Woké surft ook mee op de trend van social shopping (zie Trends van 7 oktober 2010) en ging een succesvolle samenwerking aan met Groupon, de website voor groepsaankopen. “300.000 mensen kregen een mail met de volgende aanbieding: een wok voor 6 euro in plaats van 16 euro. Dat initiatief leverde ons 500 nieuwe klanten op. Als je weet dat 80 procent van die mensen uiteindelijk meer uitgeeft dan hun voucher en dat het veel moeilijker is om een nieuwe klant over de streep te trekken dan om een bestaande klant aan je te binden, dan was de hele operatie voor ons een geweldig succes.”

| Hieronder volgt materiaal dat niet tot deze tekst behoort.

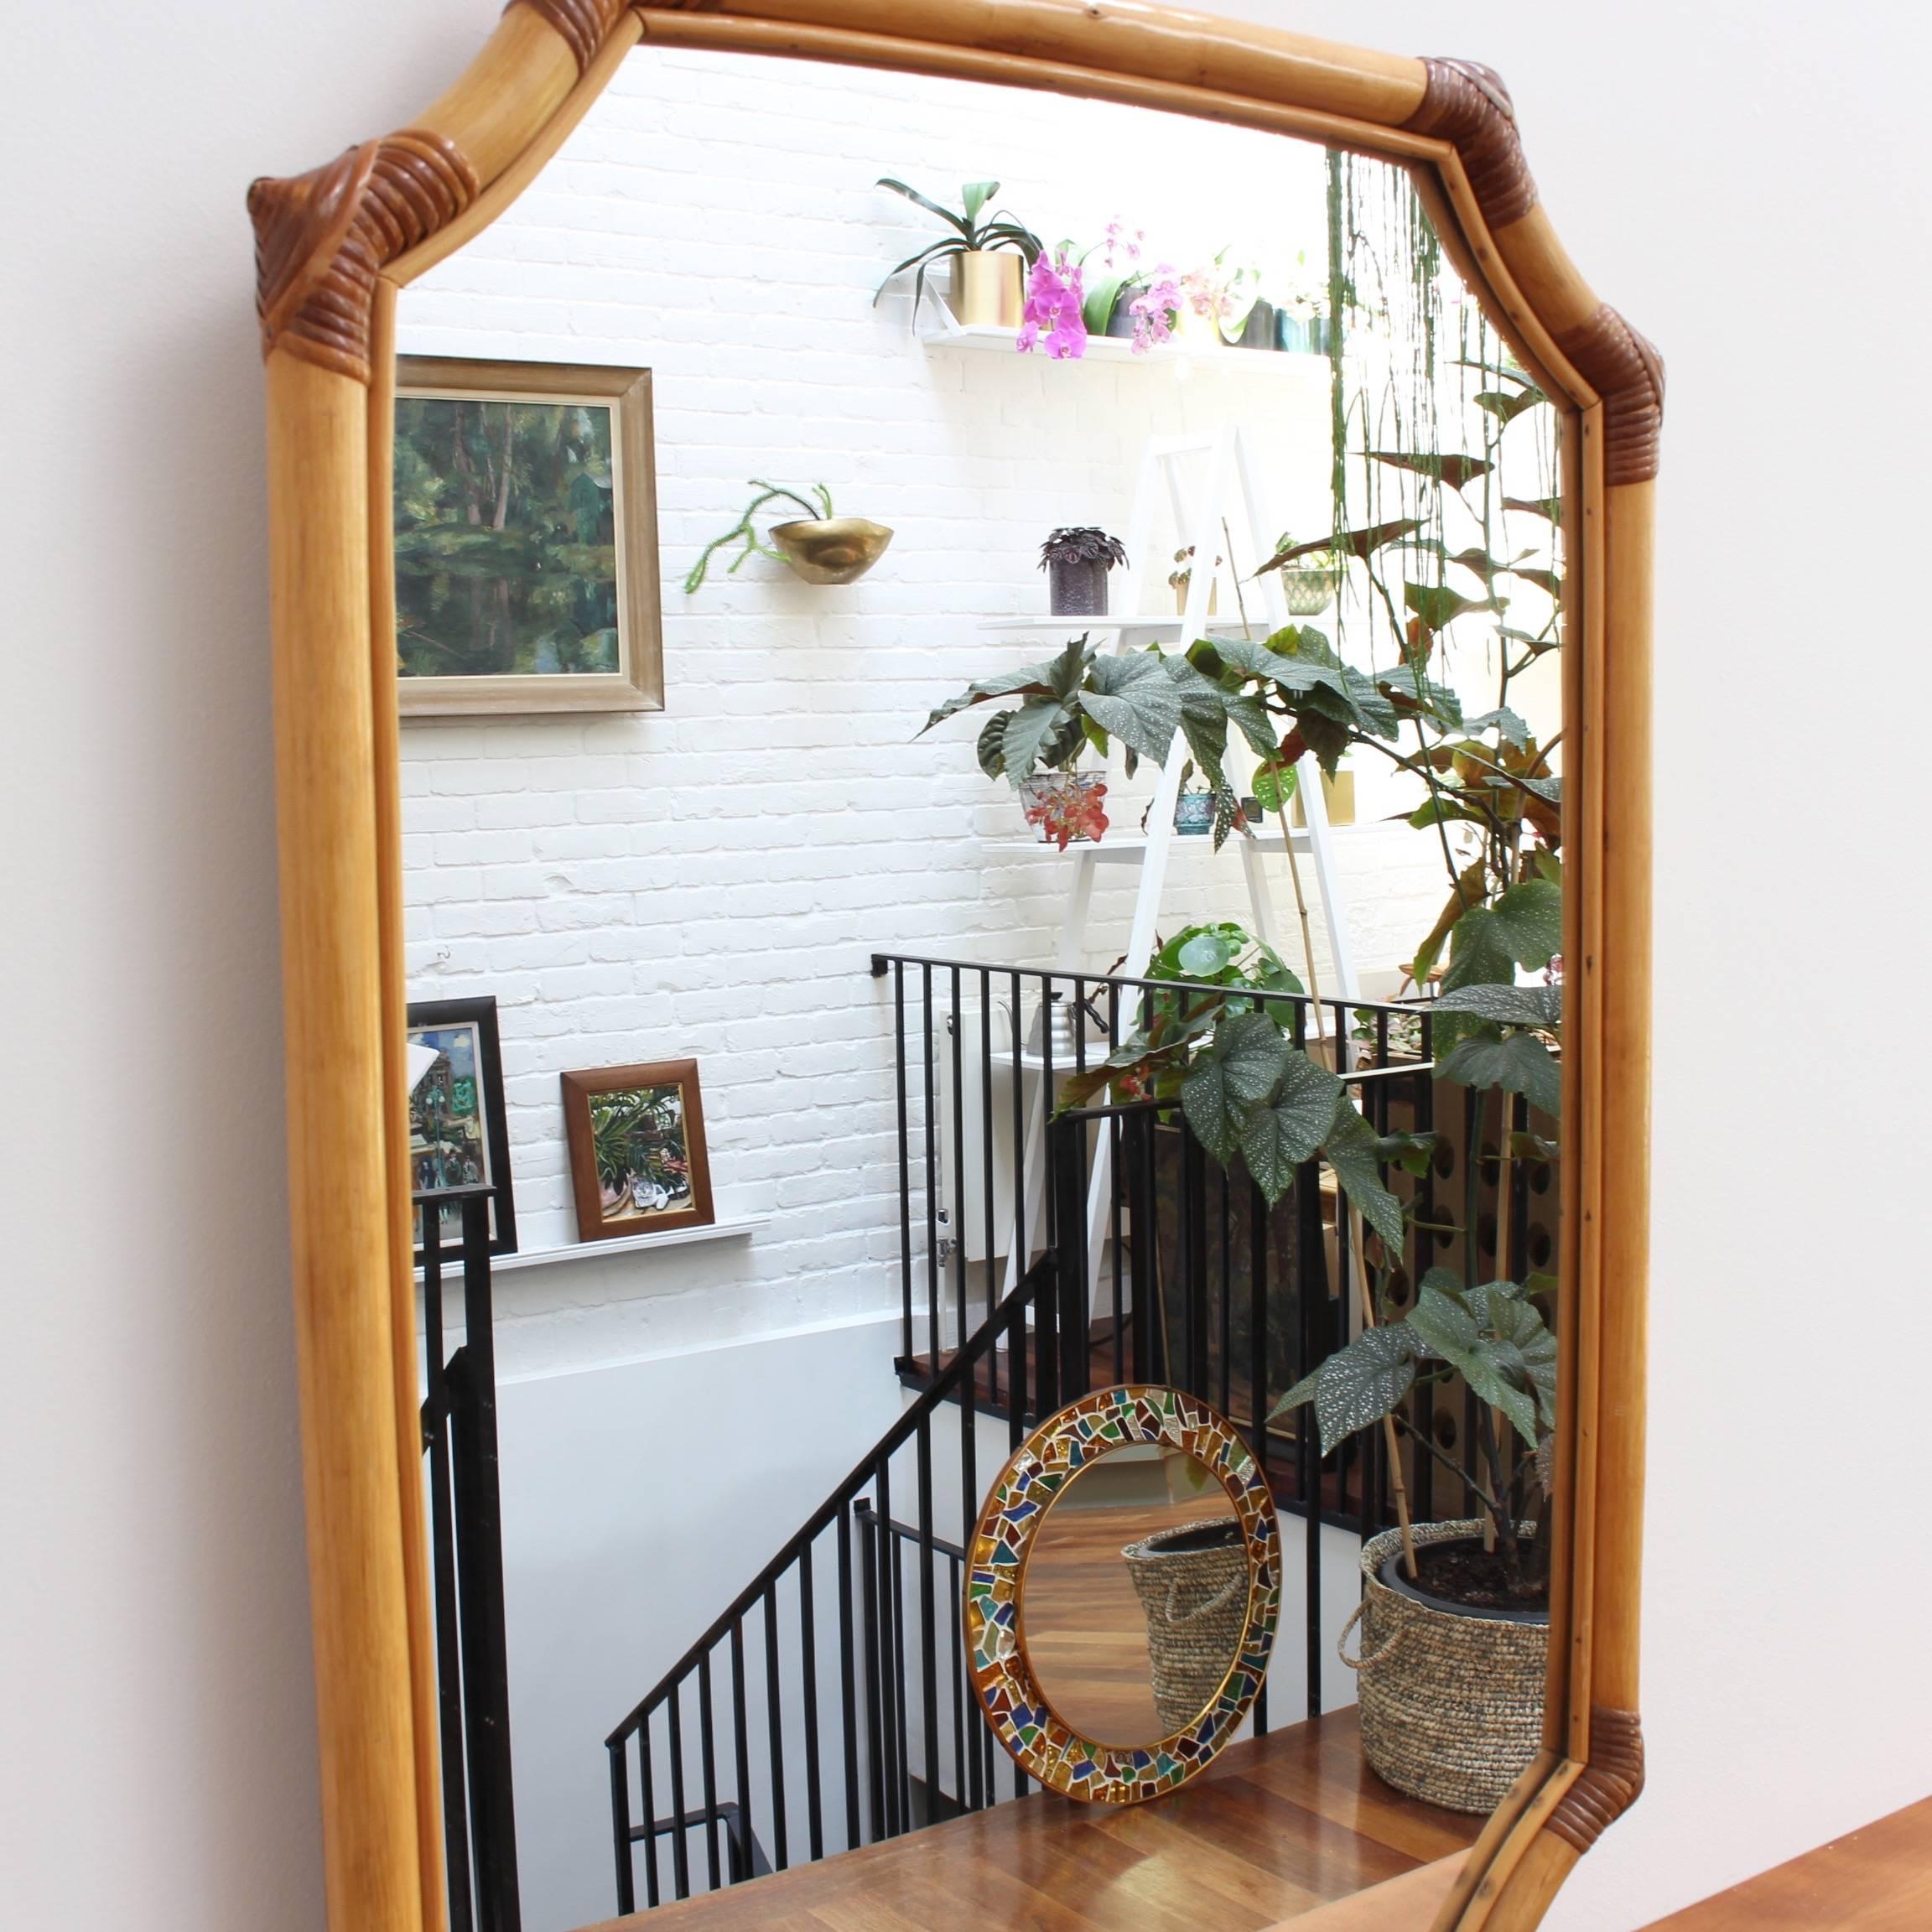 French bamboo and rattan vintage wall mirror, circa 1960s. This mirror has a delightful Asian-inspired shape formed by the bamboo frame and held together with rattan ties on the edges and curves. There is a characterful, aged patina and some
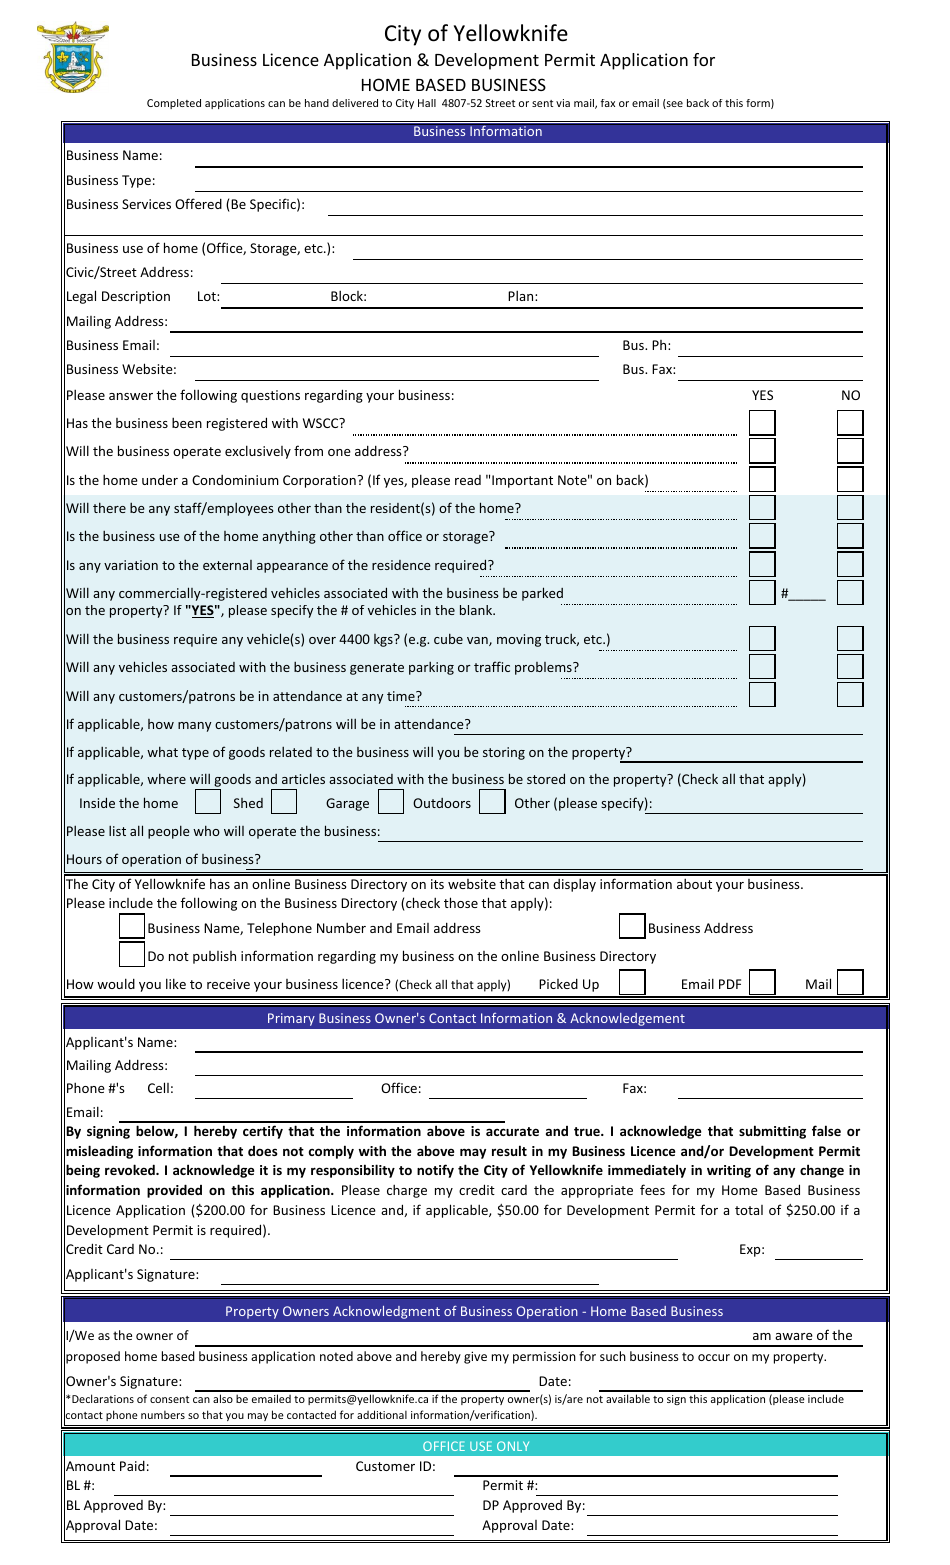 Form DM299787 Business Licence Application  Development Permit Application for Home Based Business - City of Yellowknife, Northwest Territories, Canada, Page 1

En nu: Brussel, smoothies en franchising

Na Louvain-la-Neuve (2004) ging in mei van dit jaar een tweede Woké-vestiging open in de Brusselse Guldenvliesgalerij. “Willen we voldoende omzet halen, dan moeten we zowel ‘s middags als ‘s avonds open zijn”, zegt Benoît Libeau. “Onze huidige twee vestigingen hebben het dubbele voordeel dat ze gelegen zijn in grote winkelstraten en vlak bij een bioscoop, waardoor er ook ‘s avonds mogelijke klanten passeren. Aangezien 80 procent van onze klanten pas beslist om iets te eten op het moment dat ze het restaurant zien, is een drukke ligging voor ons essentieel.” Het feit dat de UGC in Louvain-la-Neuve twee jaar dicht was, was voor Woké een zware dobber. In die periode daalde de avondomzet met 25 procent. Gelukkig was de terugval niet sterk genoeg om de handdoek in de ring te gooien. “Vandaag is Louvain-la-Neuve winstgevend en we hopen dat dit ook in Brussel voor het einde van het jaar het geval is. In Brussel bieden we volgens hetzelfde principe nu ook smoothies aan. Daardoor kunnen we de klanten ook buiten de maaltijdmomenten bedienen. De formule lijkt aan te slaan en we willen ze verder uitbreiden. Tegen 2012 zullen we voor het concept wellicht franchisenemers zoeken.”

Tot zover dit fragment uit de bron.